### Source material
————

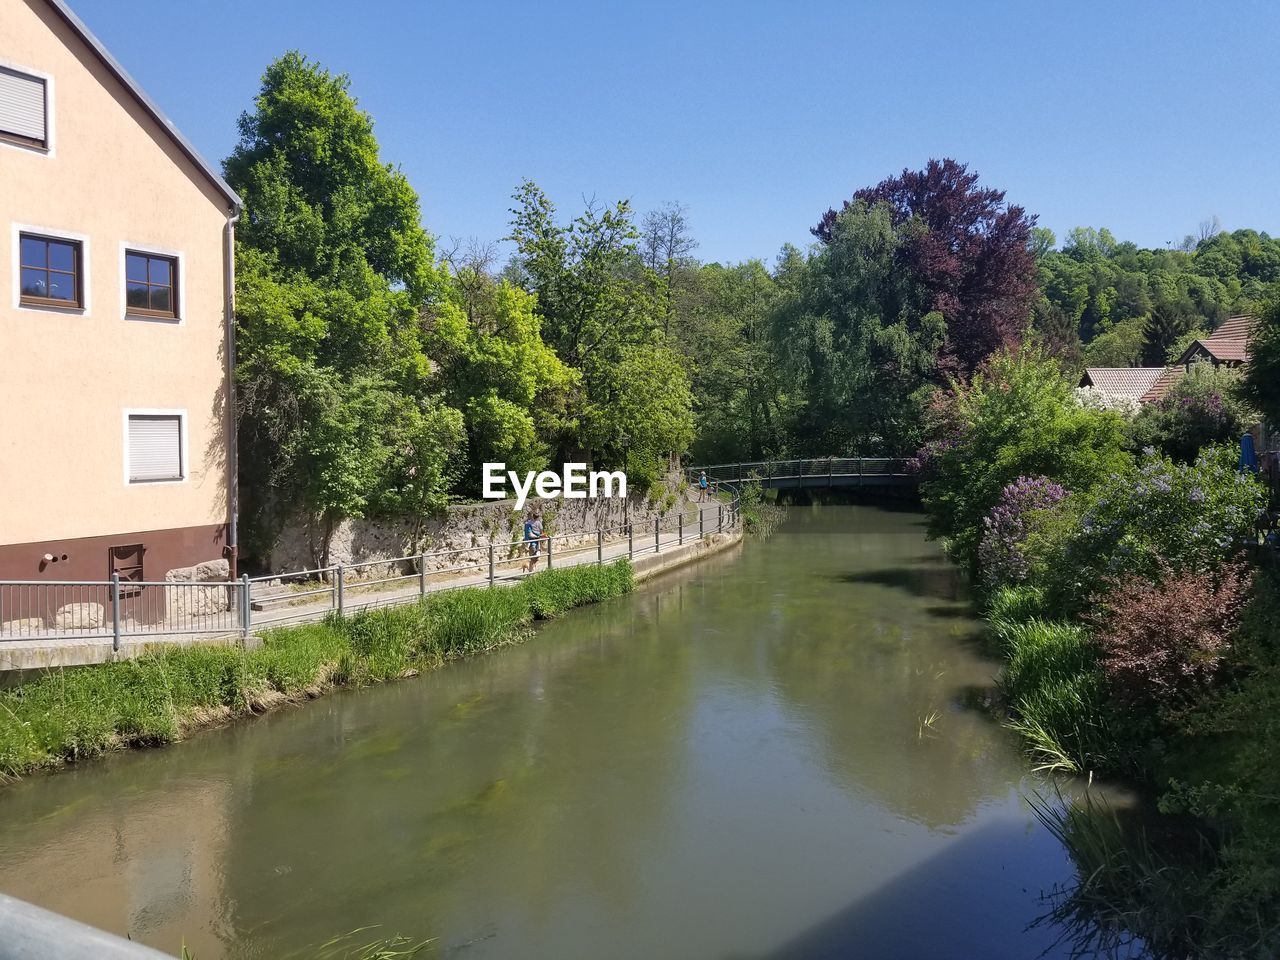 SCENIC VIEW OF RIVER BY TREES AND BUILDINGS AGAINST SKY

————

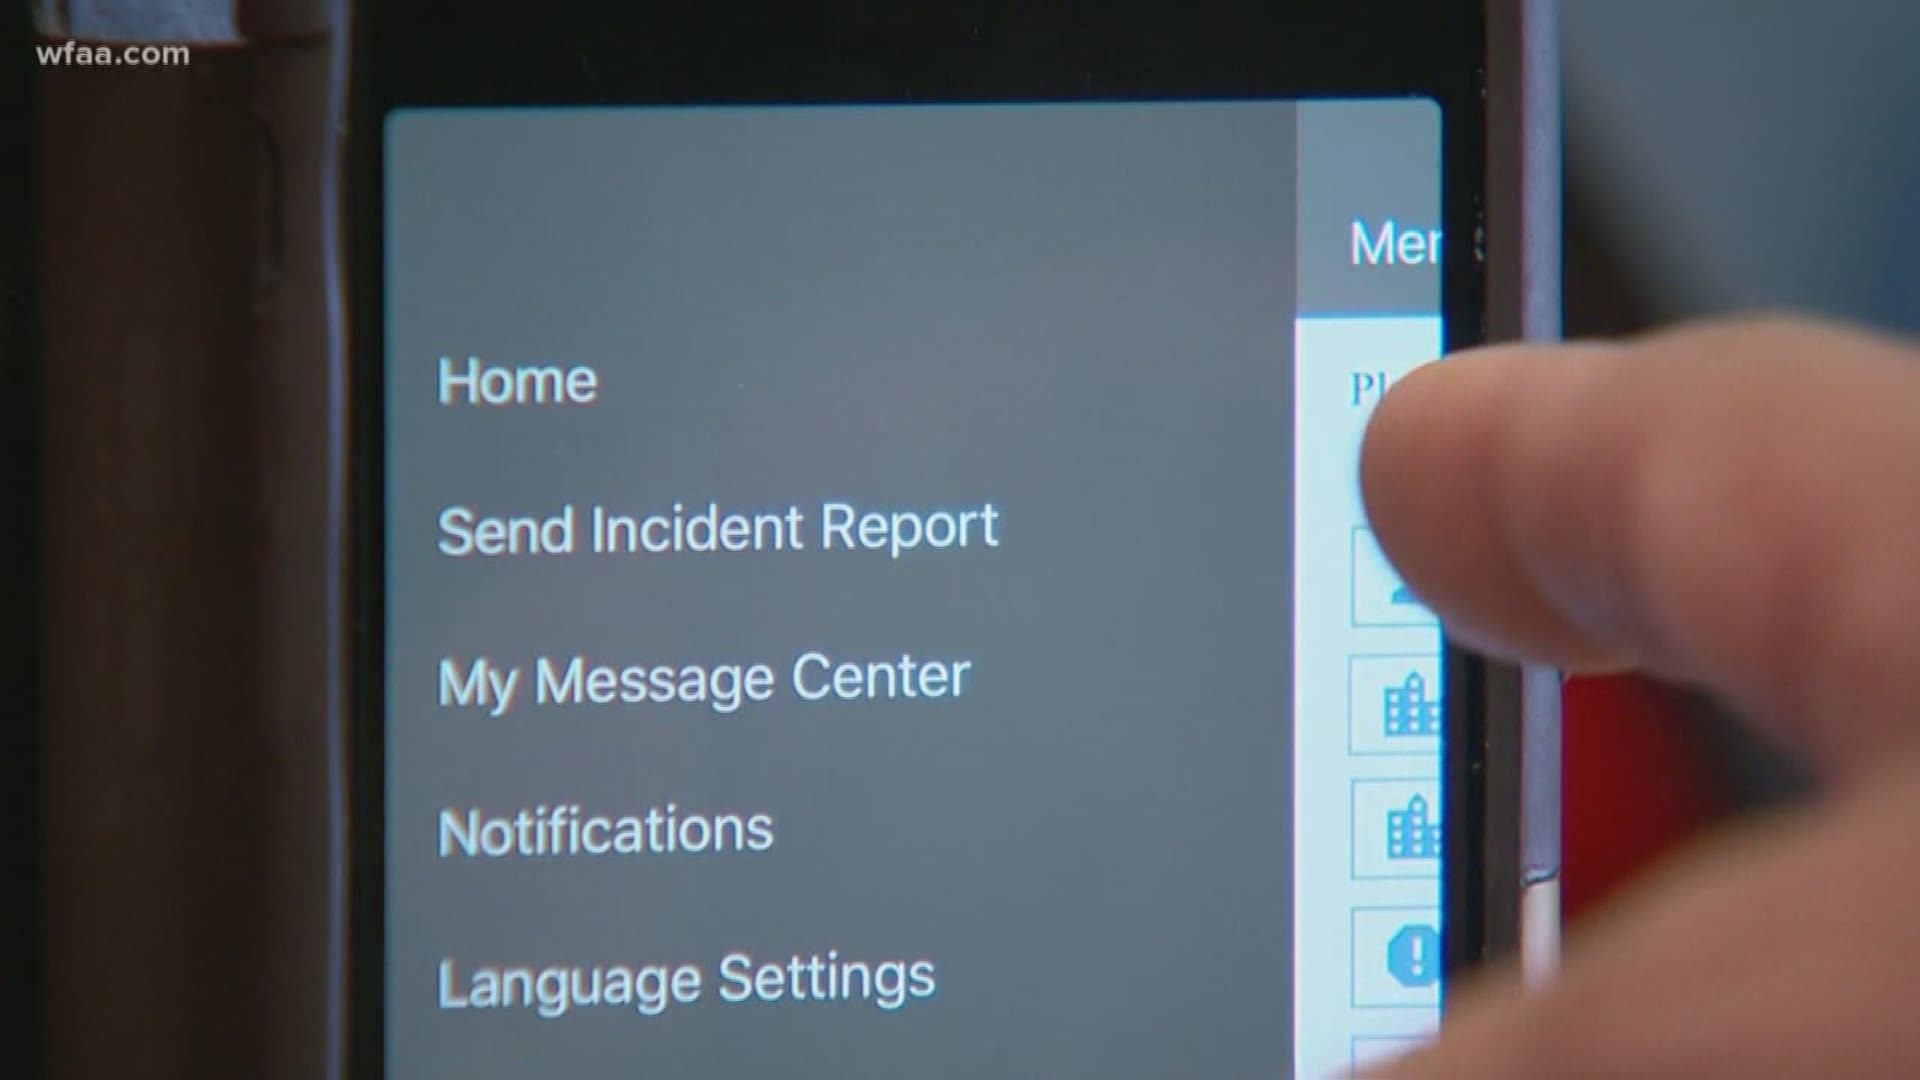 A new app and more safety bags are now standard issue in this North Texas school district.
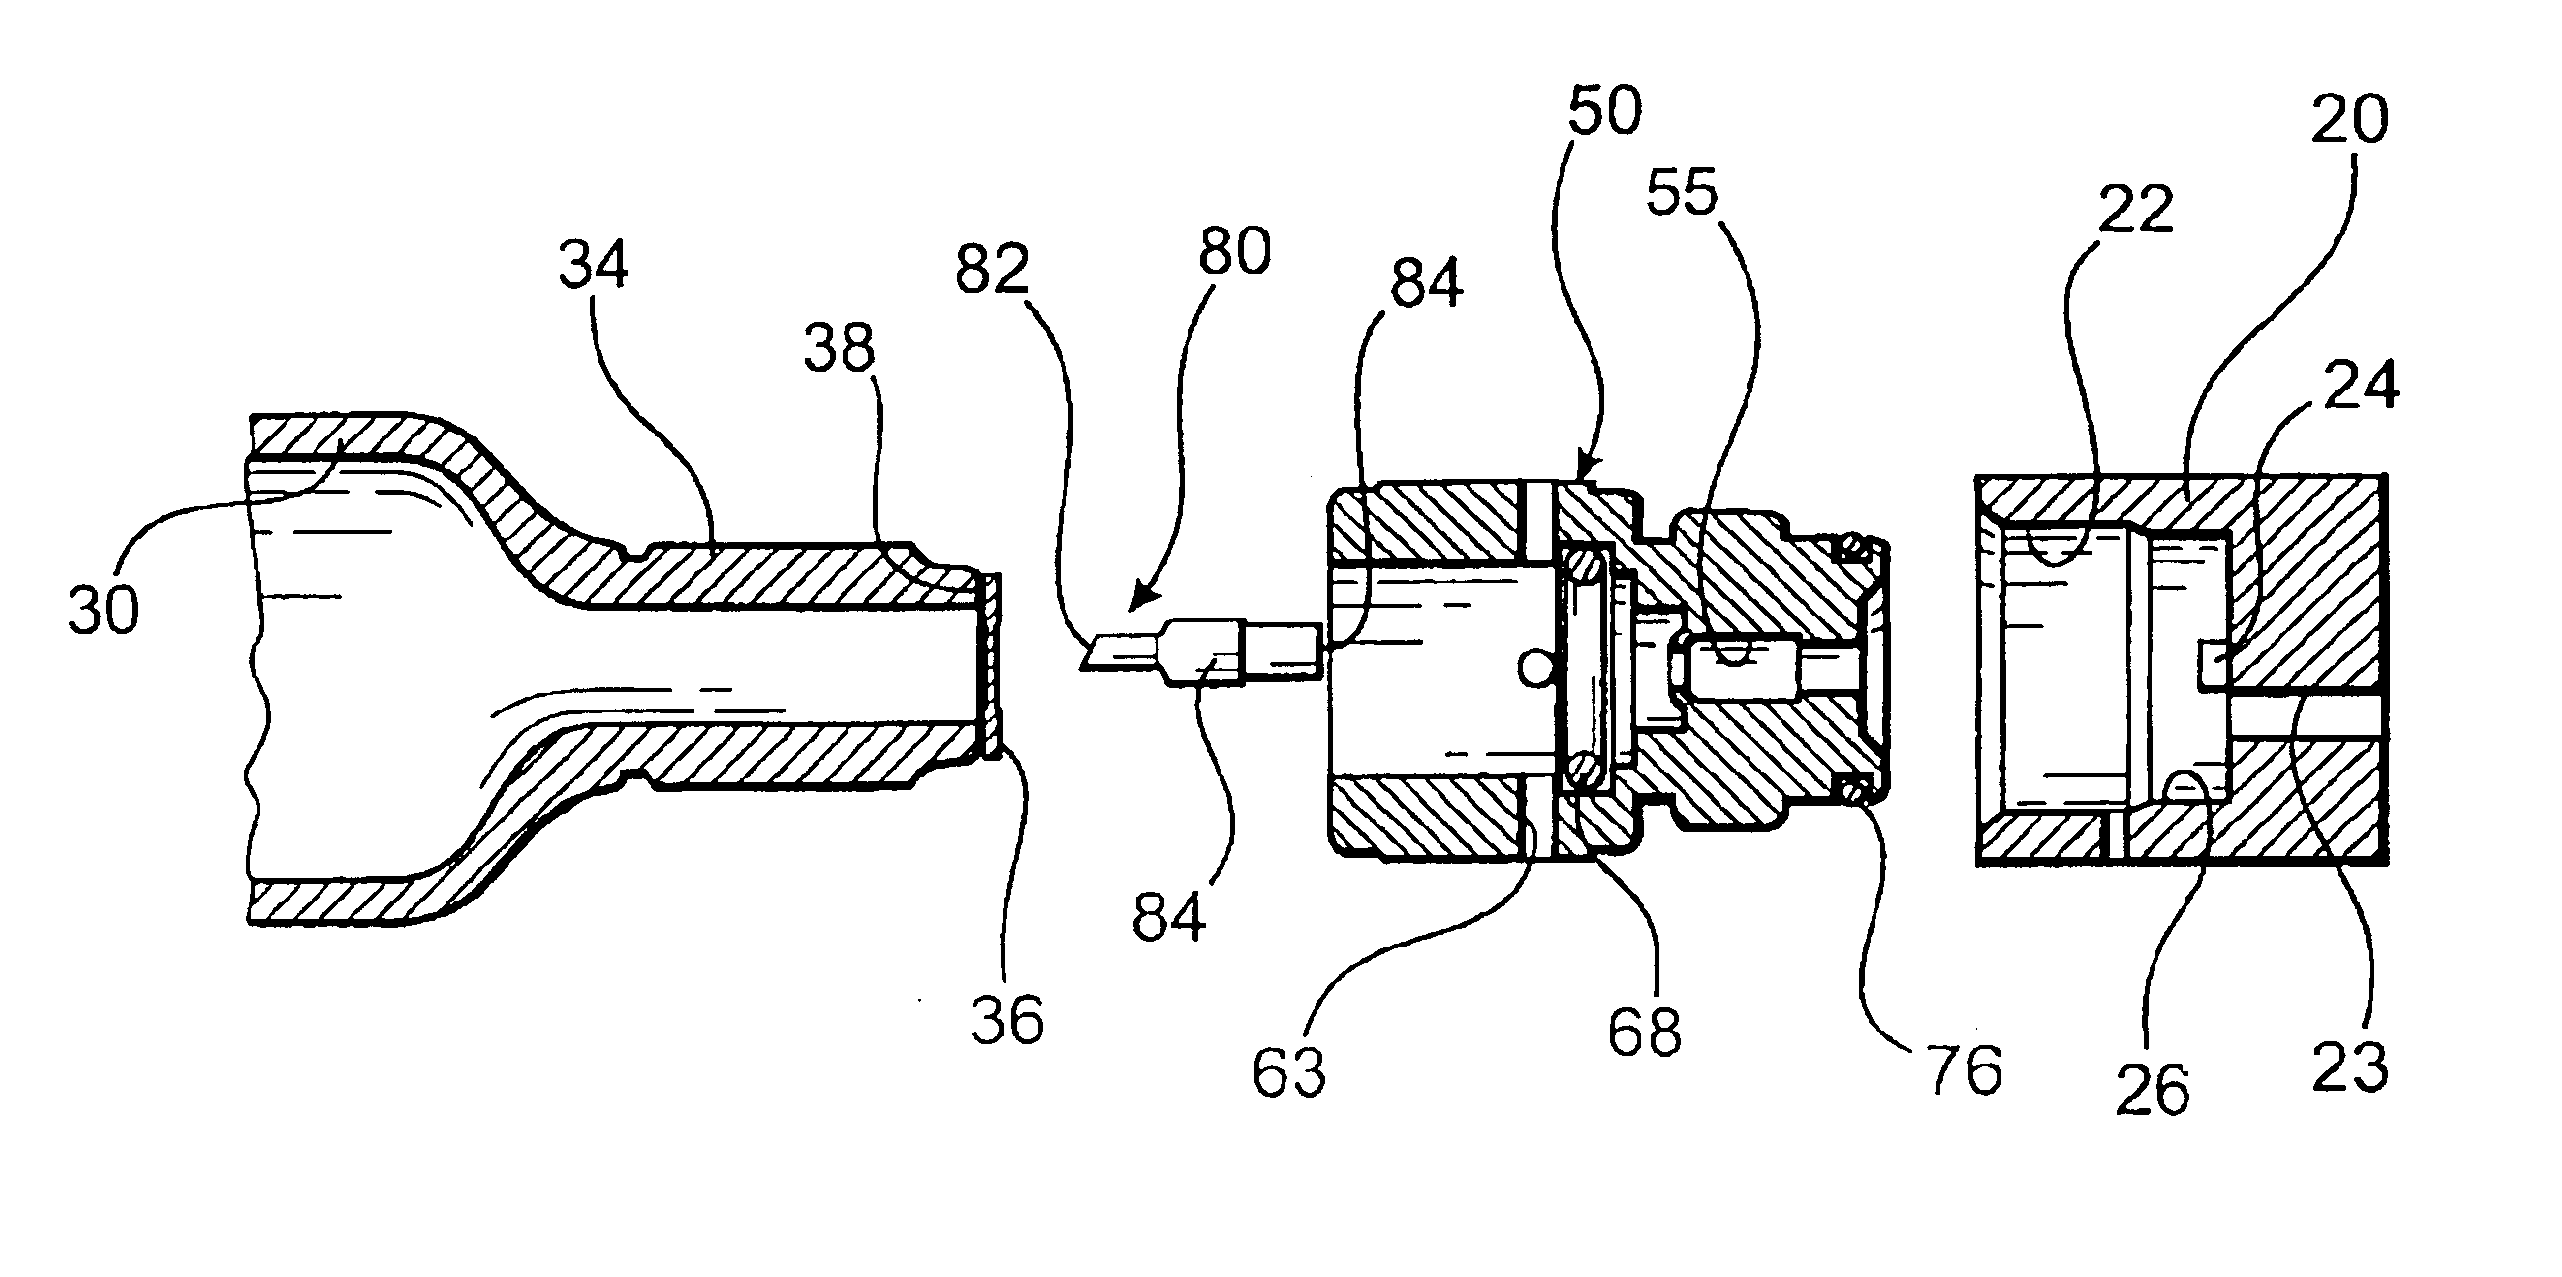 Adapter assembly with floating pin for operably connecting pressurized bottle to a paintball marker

————

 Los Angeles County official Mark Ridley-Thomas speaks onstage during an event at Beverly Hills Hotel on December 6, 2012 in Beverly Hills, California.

————

### Task objective
Within the listing above, the lines from the one with "A new app and" through the one with "Adapter assembly with" are to be given again word for word. Do not include pictures.

### Output for this task
 A new app and more safety bags are now standard issue in this North Texas school district.
 Adapter assembly with floating pin for operably connecting pressurized bottle to a paintball marker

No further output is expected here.